A couple weeks ago, I was reading Marie-Louise von Franz’s The Problem of the Puer Aeternus, and there were specific ways in which it struck me as quite relevant to Evangelion—in particular, that the children in this show are governed by adults who can’t, or won’t, really become adults. Here I don’t mean (for instance) Misato, whose occasionally childish behavior serves a different purpose, but Gendo and Fuyutsuki (and perhaps Ritsuko).
These adults resent and fear independent action, resorting to scolding to manipulate the children. They create a world in which “adulthood” is synonymous with “shutting up and doing as you’re told.” They pine after unavailable love objects and live in state of where they are in active denial of death, yet they always have their finger on the trigger to blow the world up. “Life is death” (Franz writes) “and if you accept life and move into it…you are moving toward your own death.
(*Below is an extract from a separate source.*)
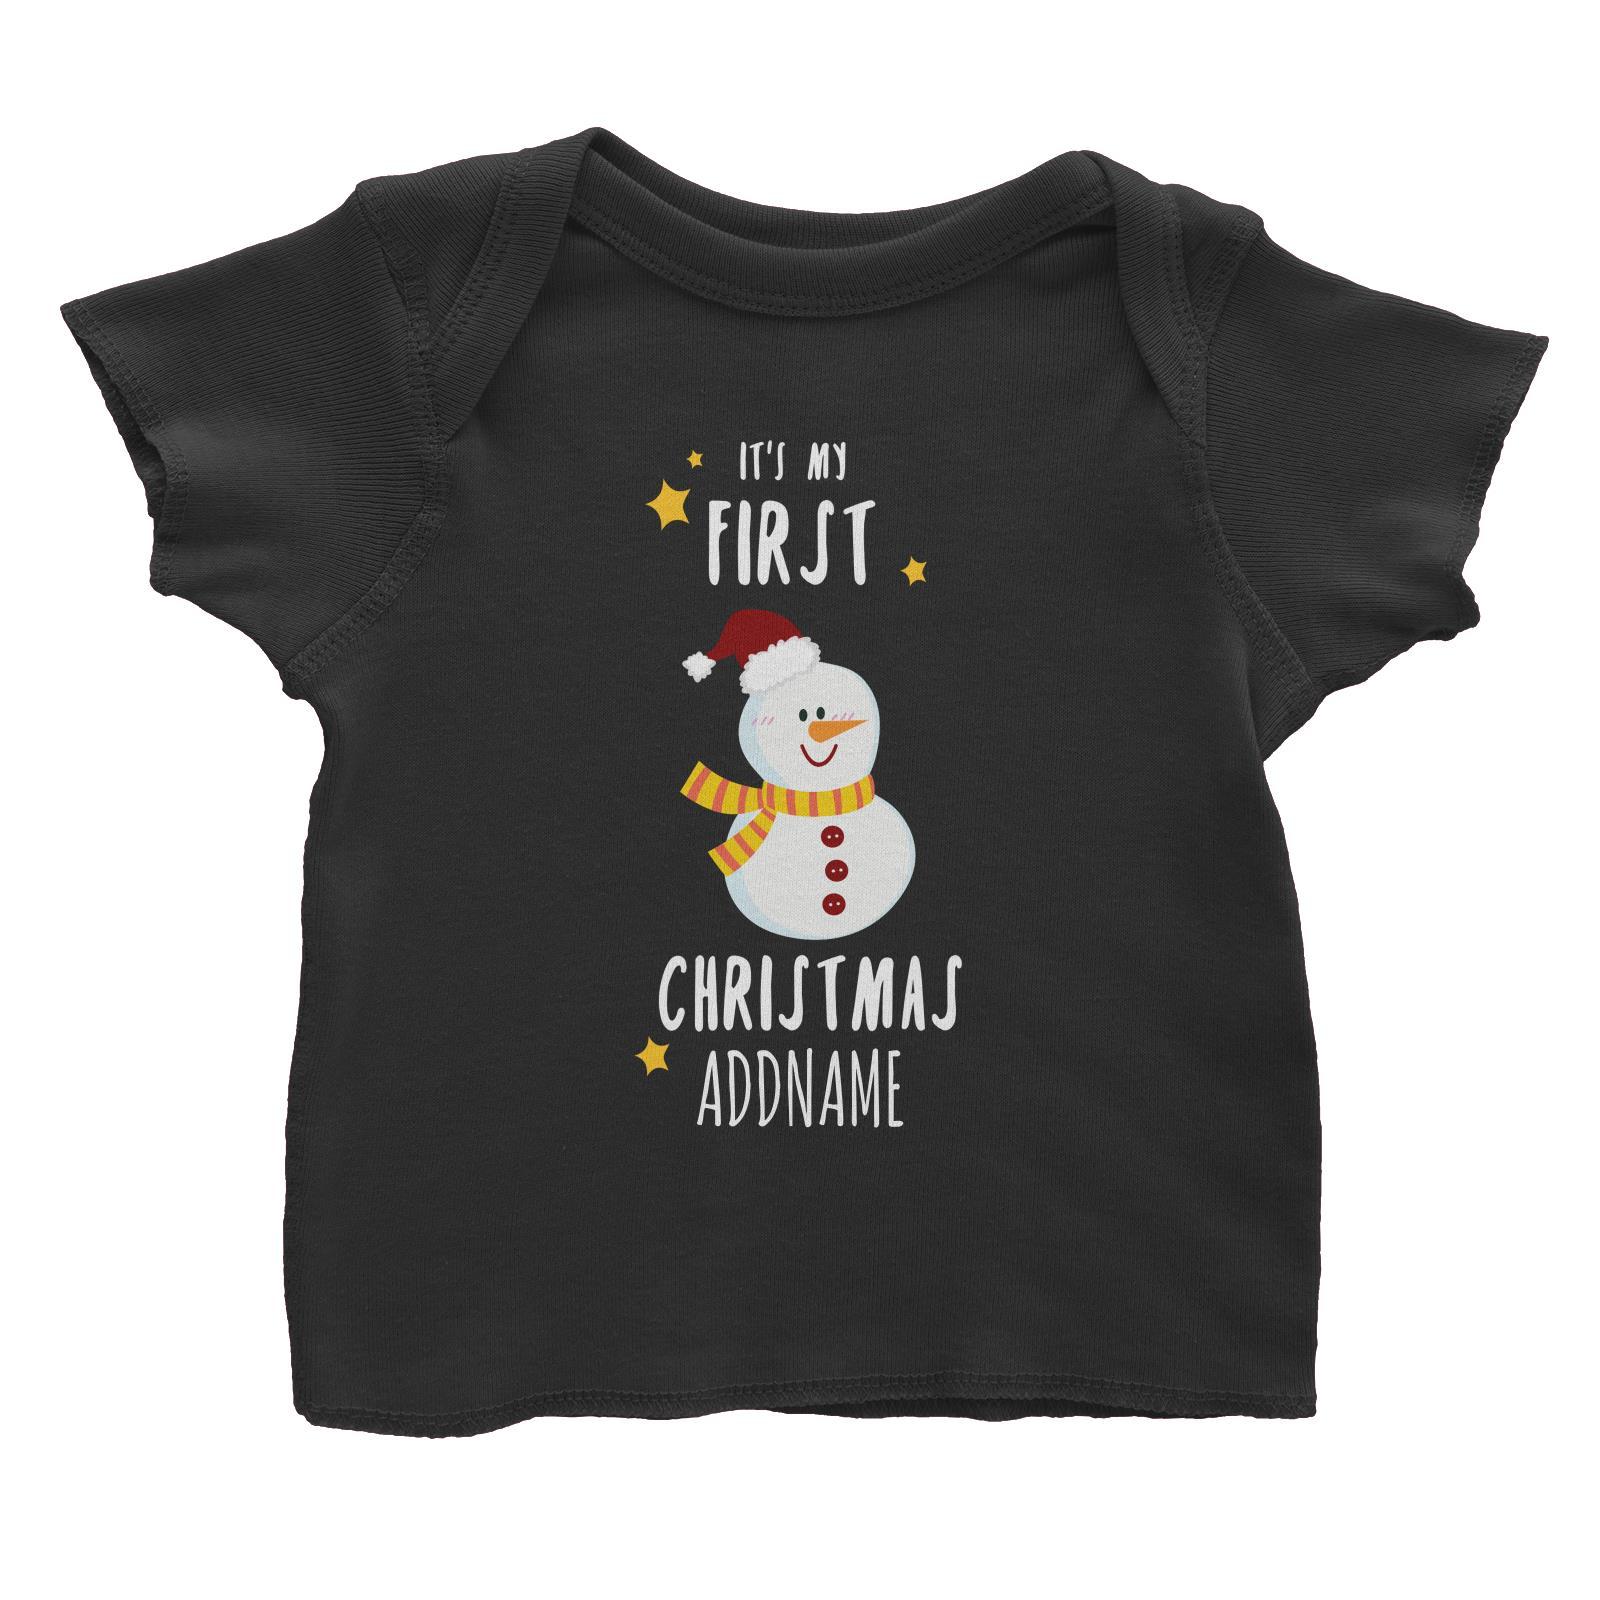 Cute Snowman First Christmas Addname Baby T-Shirt  Personalizable Designs

Death is the goal of life.” I do not entirely agree with that, but I found it resonated quite a bit in thinking about the show. I usually have Evangelion tagged as the weird Freudian show and Utena as the weird Jungian show but maybe they’re both weird hybrids.…
The summary some poor soul at either FUNimation or Apple TV came up with: “Betrayed by those he believed in, Shinji looks into the depths of his own soul and questions his reason for existing. Is there any salvation for a young man who has rejected everything? Reality and the world are quickly shut away in the darkness of his heart...”
Dept of inappropriate laughter: when BDM’s like “Kaworu’s saying Lilin and he’s like okay we call ourselves Japanese but your way is fine too I guess.…”
I think to resolve the problem of "can these beings co-exist," in my own relationship with the show/ reading of the show, I'd really need to better understand 1. what the angels are, 2. what started the conflict, and 3. what the angels as a whole are doing on a symbolic level, and I can't ever figure out any of those in fine enough detail. I know there are official explanations to 1, with all the ancient aliens stuff, but that never feels satisfying to me.
Regardless, it *feels* right to say that co-existence is possible.